If $a_n$ converges to $a$ and $b_n$ converges to b, prove that $\displaystyle \lim_{n \rightarrow \infty} a_n b_n = ab$.

My book proves it like this

$|a_nb_n - ab| = |(a_nb_n -a_n b)+(a_n b - ab)| \leq |a_n||b_n - b| + |b||a_n-a|$

Since $a_n$ converges, there exists an $M >0$ such that $|a_n| \leq M$ for all $n$.

Therefore

$|a_nb_n - ab|\leq M|b_n - b| + |b||a_n-a|$.

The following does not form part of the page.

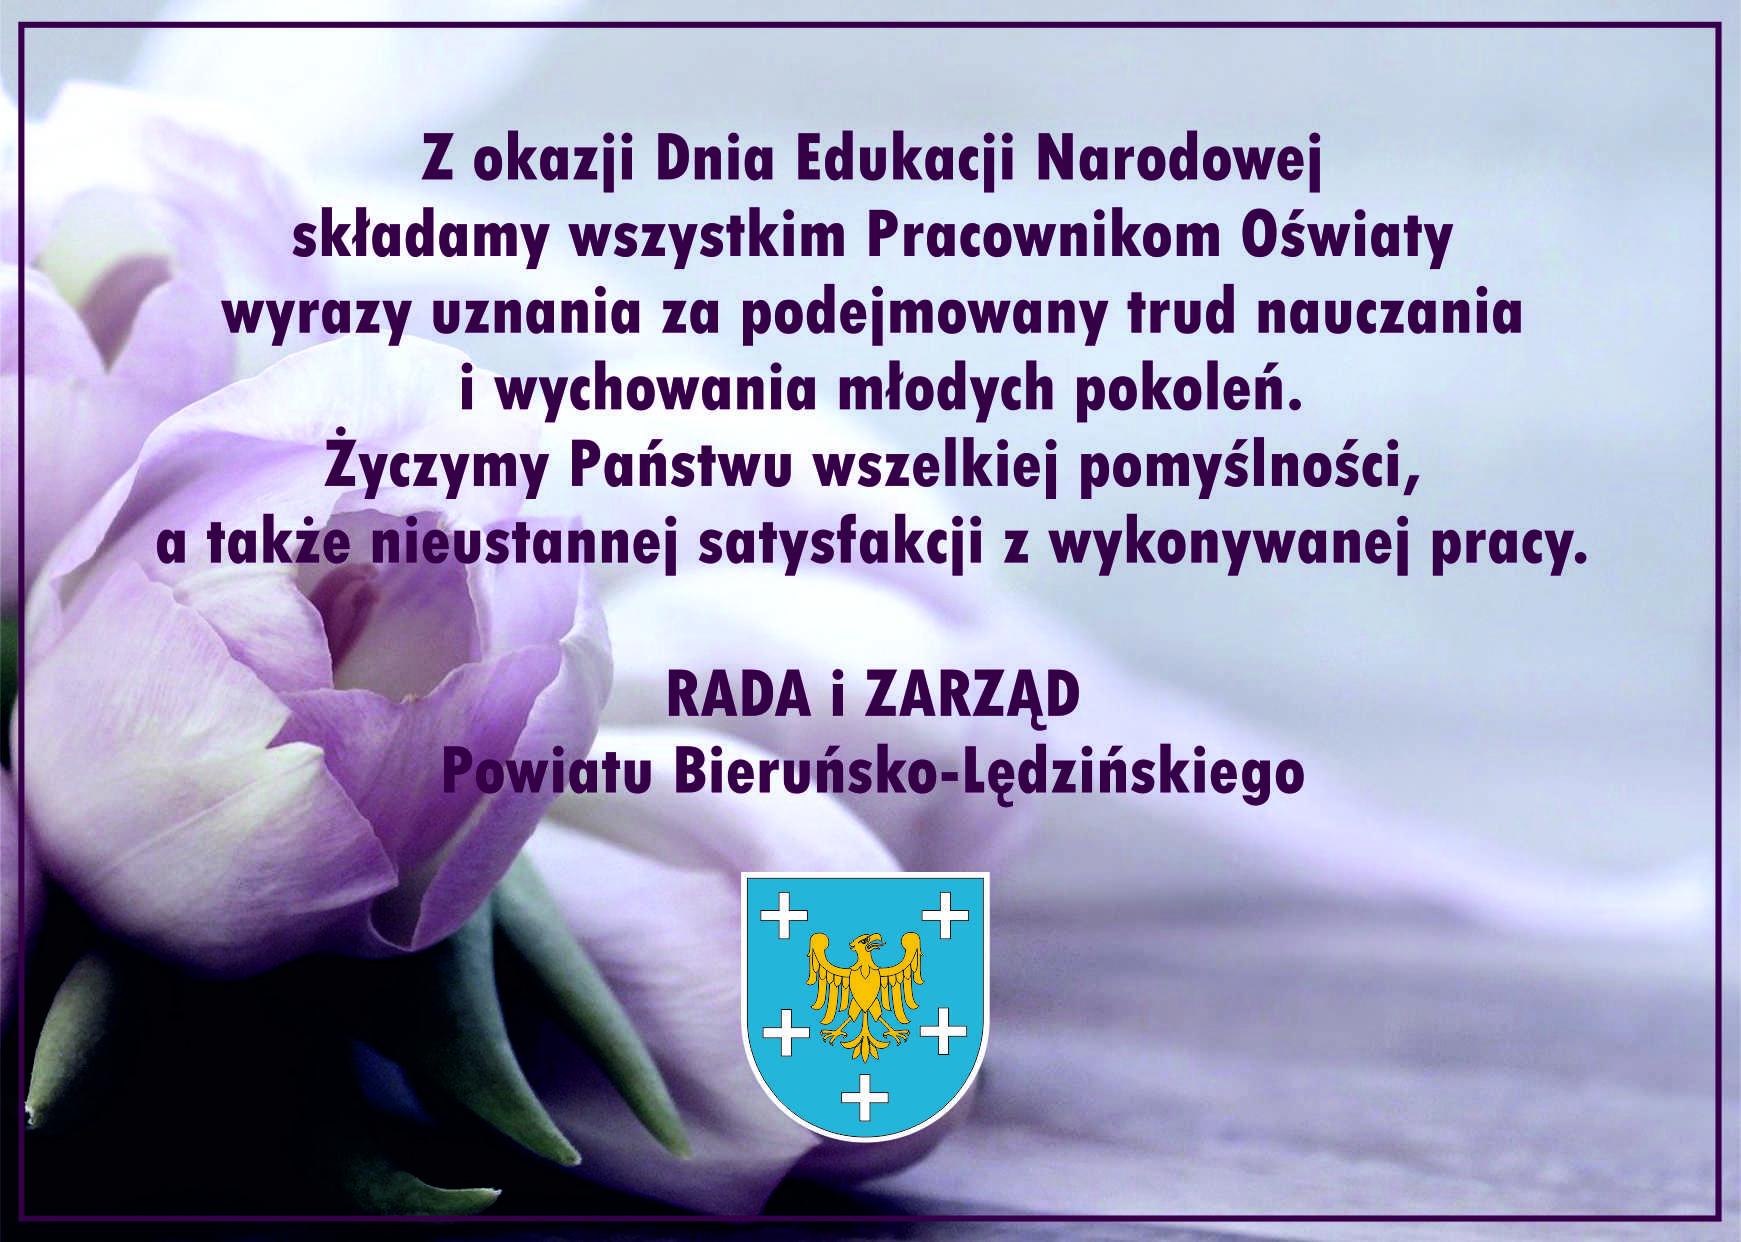 Życzenia dla nauczycieli z okazji Dnia Edukacji Narodowej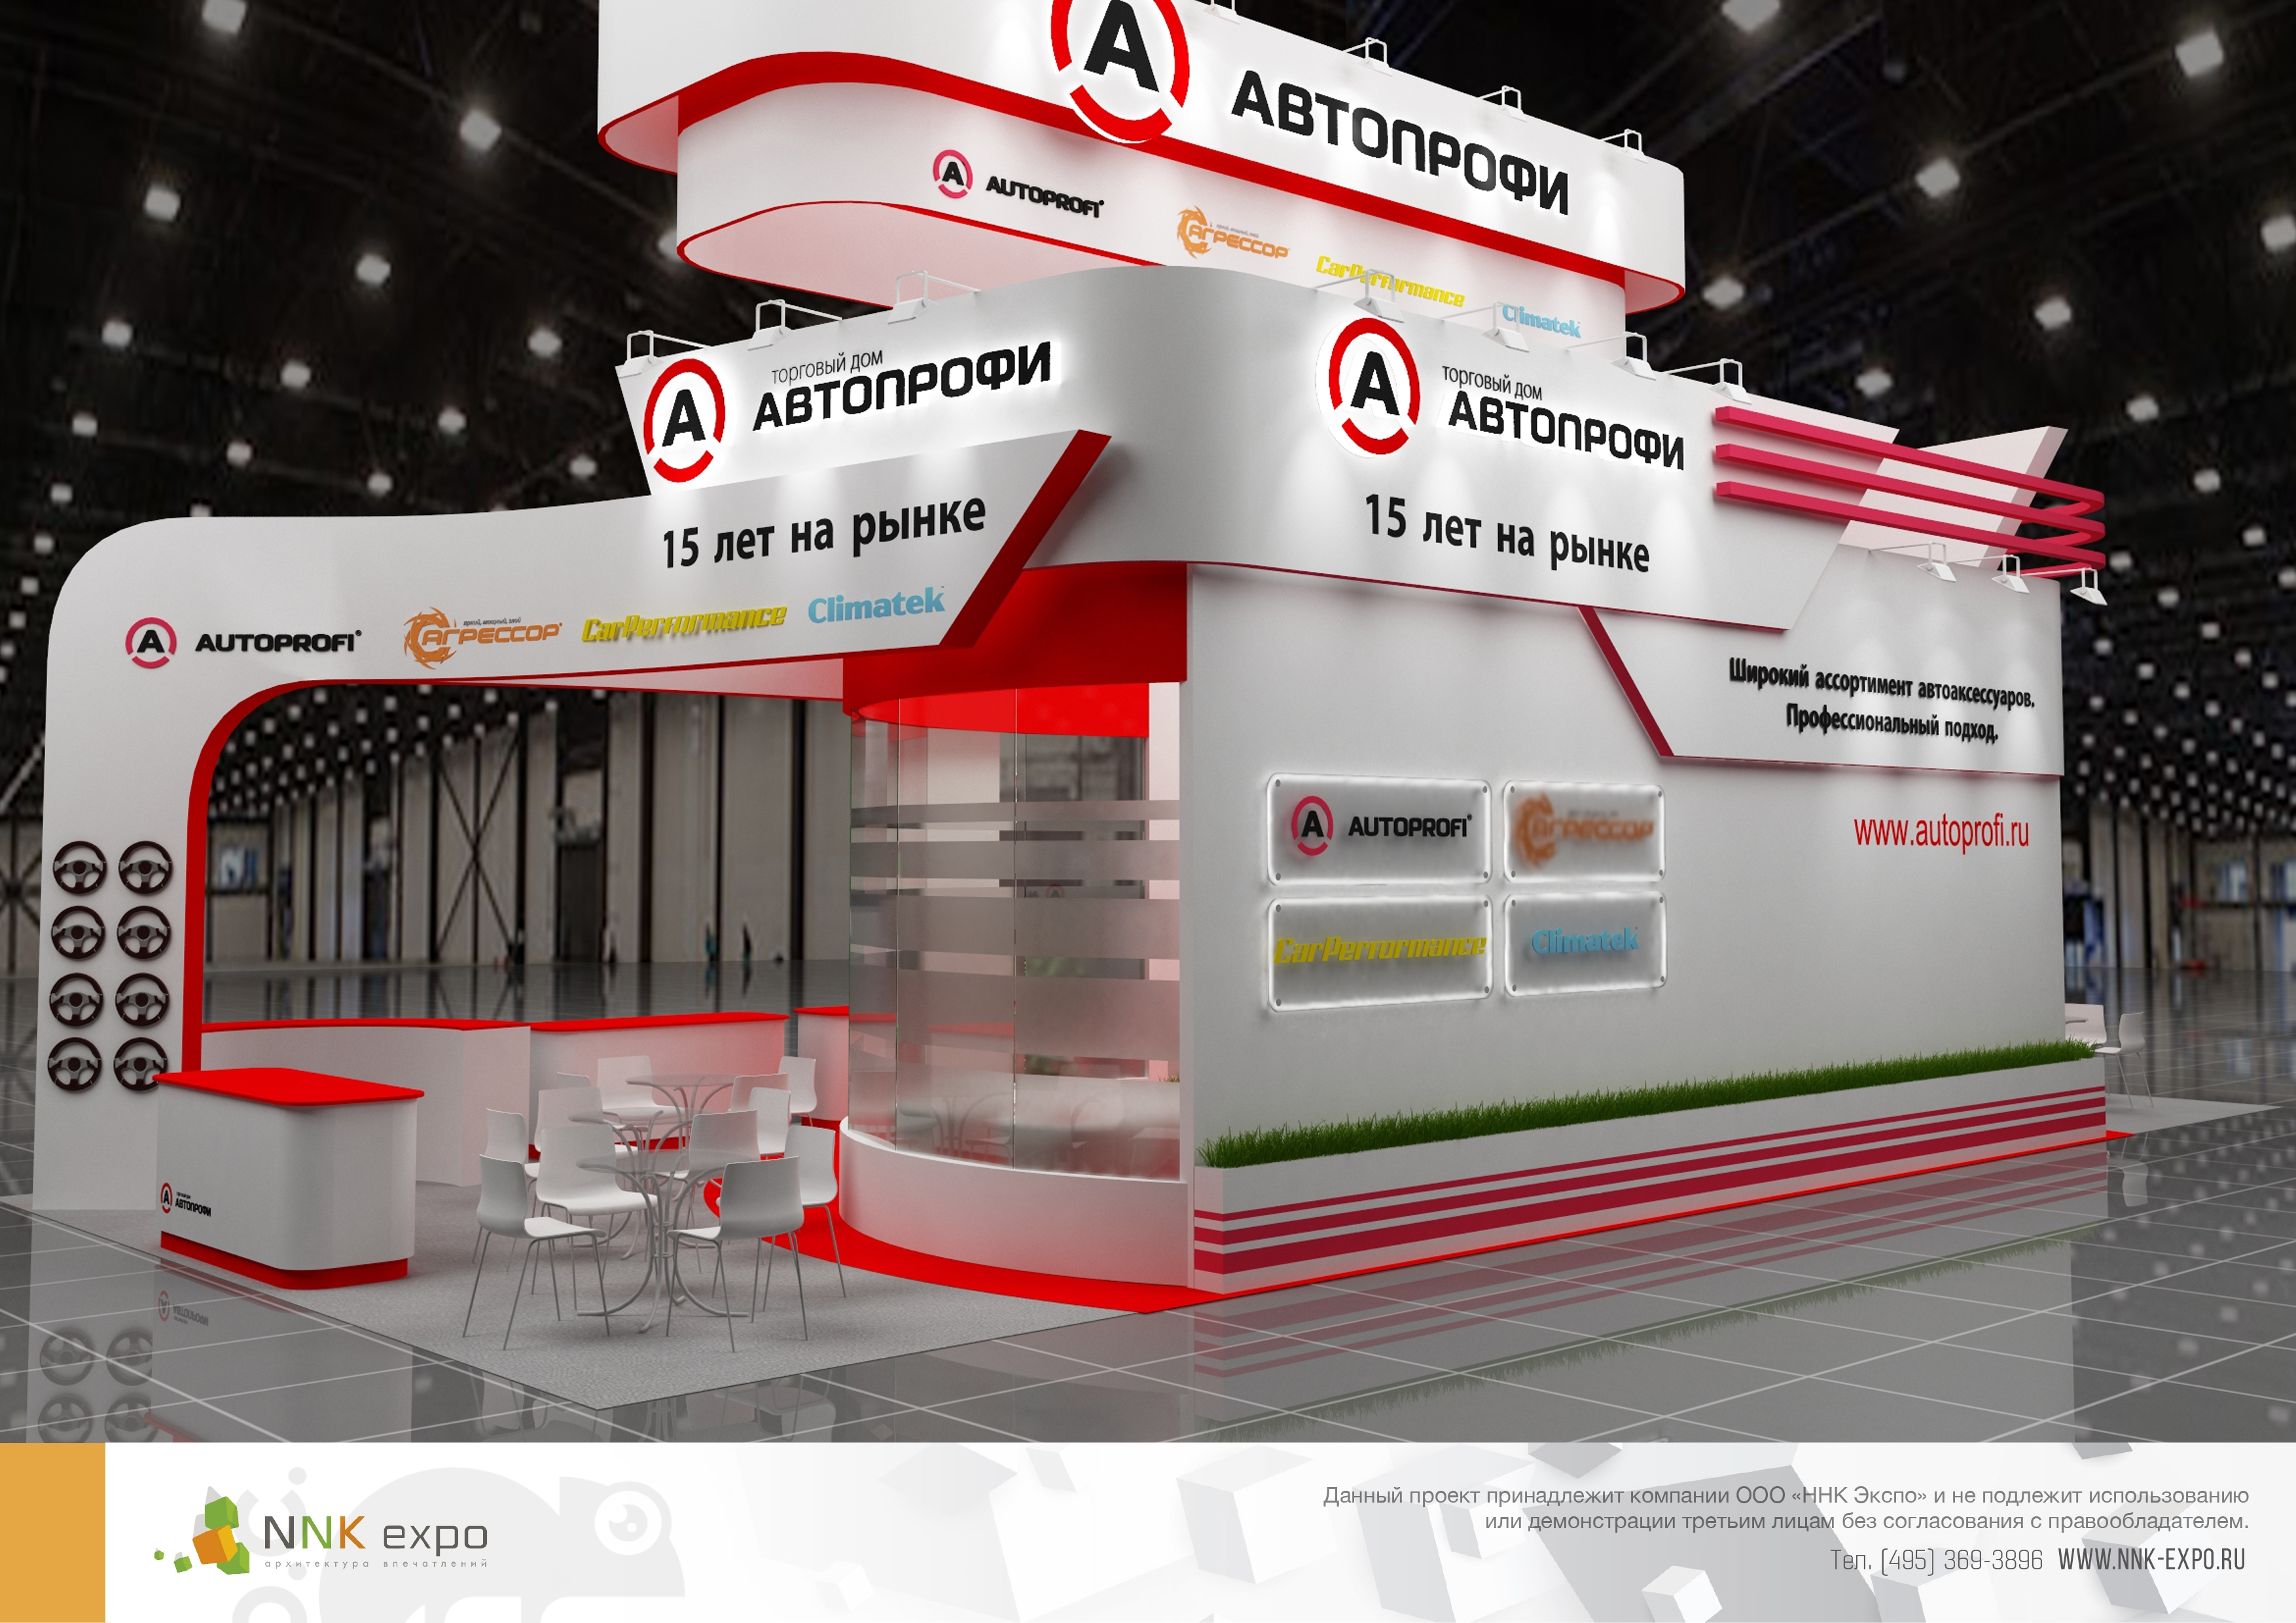 Дизайн проект выставочного стенда компании Автопрофи

Let $\epsilon >0$. Since $a_n \rightarrow a$, there exists $n_1$ such that

$|a_n-a| < \frac{\epsilon}{2(|b|+1)}$

for all $n \geq n_1$.

Since $b_n \rightarrow b$, there exists $n_2$ such that

$|b_n-b| < \frac{\epsilon}{2M}$

for all $n \geq n_2$.

Let $n = \max(n_1, n_2)$, then

$|a_nb_n - ab|< M (\frac{\epsilon}{2M} )+ |b| ( \frac{\epsilon}{2(|b|+1)}) < \epsilon$

My question about this proof is why they chose $|a_n-a| < \frac{\epsilon}{2(|b|+1)}$ instead of $|a_n-a| < \frac{\epsilon}{2|b|}$

wouldn't that have been a nicer choice?

Thank you.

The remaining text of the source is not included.